NMC Healthcare Ltd, which went into administration in 2020 following allegations of a massive accounting fraud, has reportedly received creditors’ approval for the proposed deeds of company arrangement (DOCA) restructuring process. This will allow 34 NMC group companies to exit administration and continue to operate the core business of the NMC group.
And once confirmed by the Abu Dhabi Global Market (ADGM) courts, it is anticipated that implementation of the DOCA shall take between 3 and 5 months, CM Structured Finance (1) Ltd has announced, citing an announcement by NMC on September 1.

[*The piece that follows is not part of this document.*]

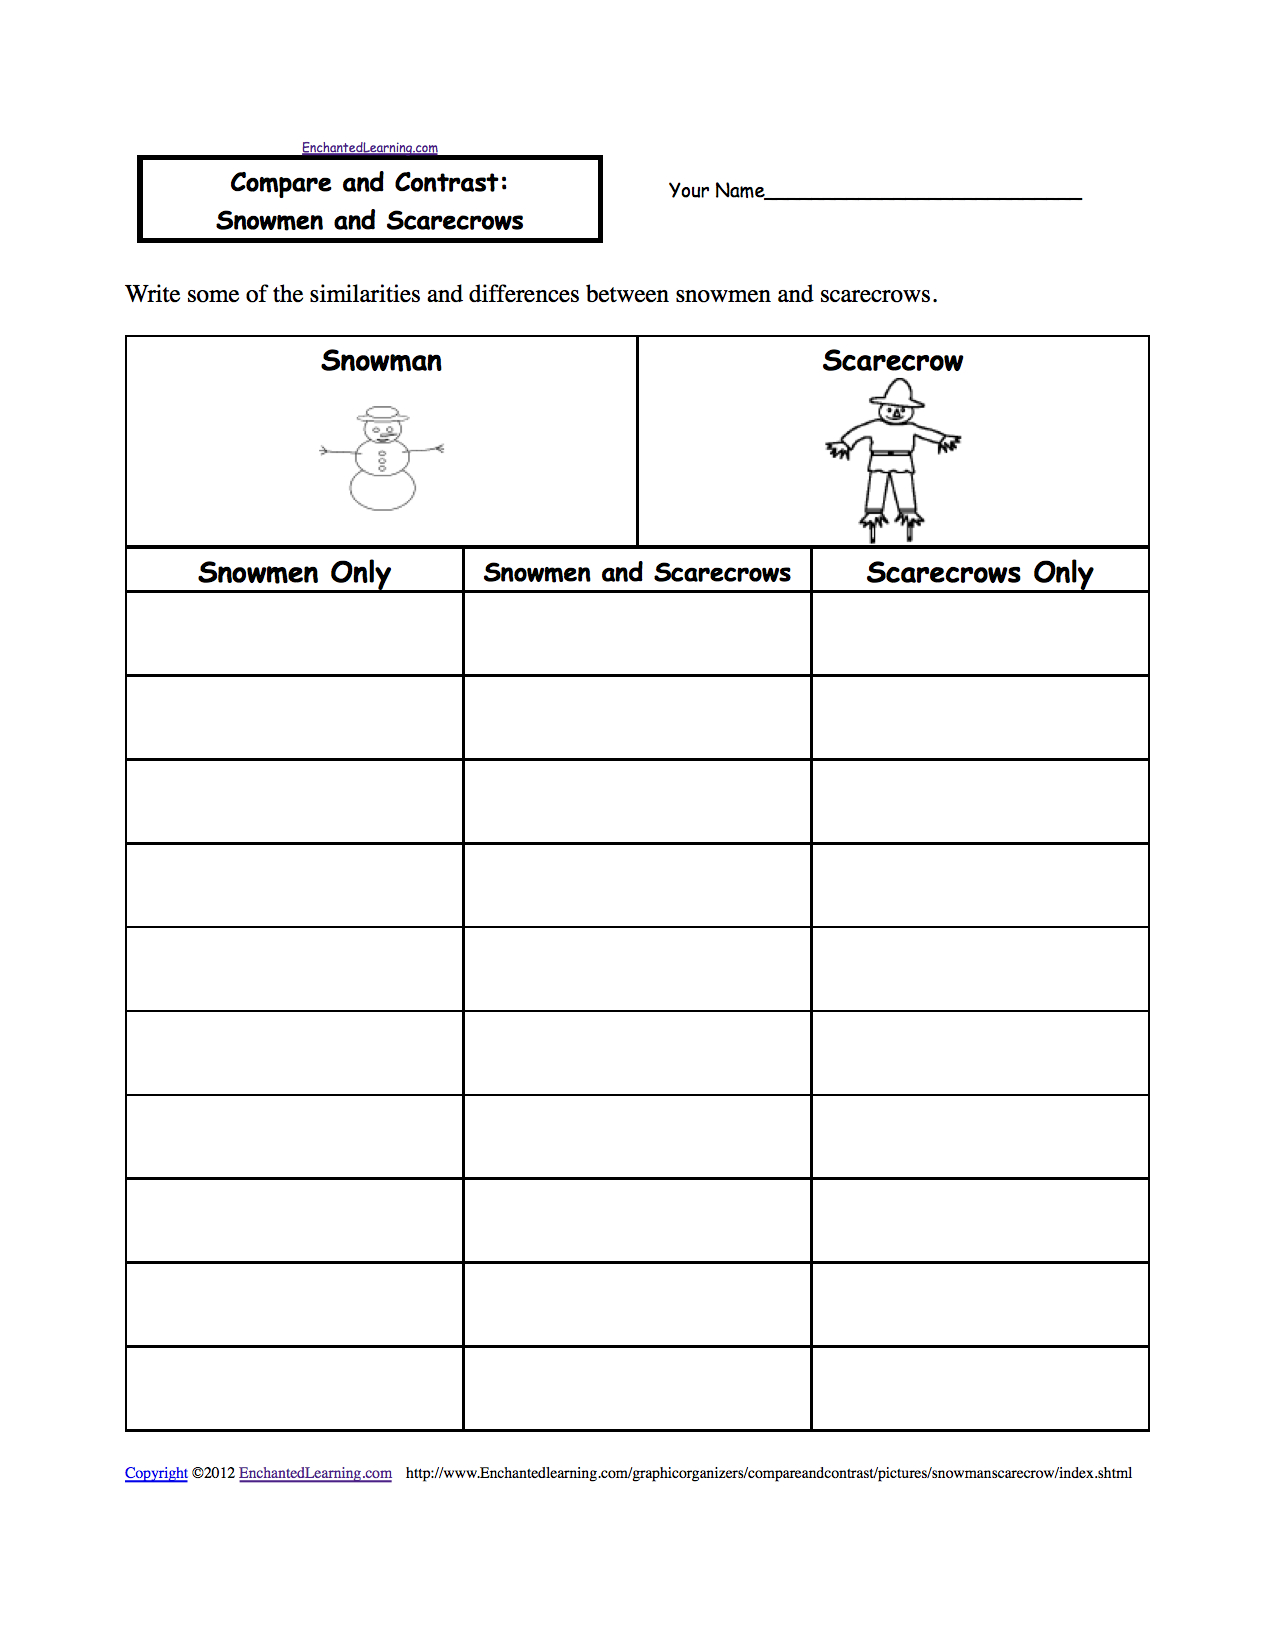 Compare And Contrast Worksheets To Print - Enchantedlearning - Free Printable Compare And Contrast Graphic Organizer

In 2020, NMC was accused of undisclosed debts of between USD 4 billion and USD 5 billion, including some USD100 million to Mauritian banks, particularly SBM (Mauritius) Ltd of around Rs3.5 billion.
The DOCA’s approval means that NMC’s creditors have voted for an exit from the administration process through a restructuring of the business.
In a document to the Stock Exchange of Mauritius, CM Structured Finance stared that such restructuring of NMC’s business shall result in a “haircut” on the value of NMC’s debts, and creditors receiving certain exit instruments from NMC.
Upon receipt of the said exit instruments, CM Structured Finance intends to redeem the notes and offer noteholders a capital instrument, which shall reflect the economic rights associated with NMC’s exit instruments.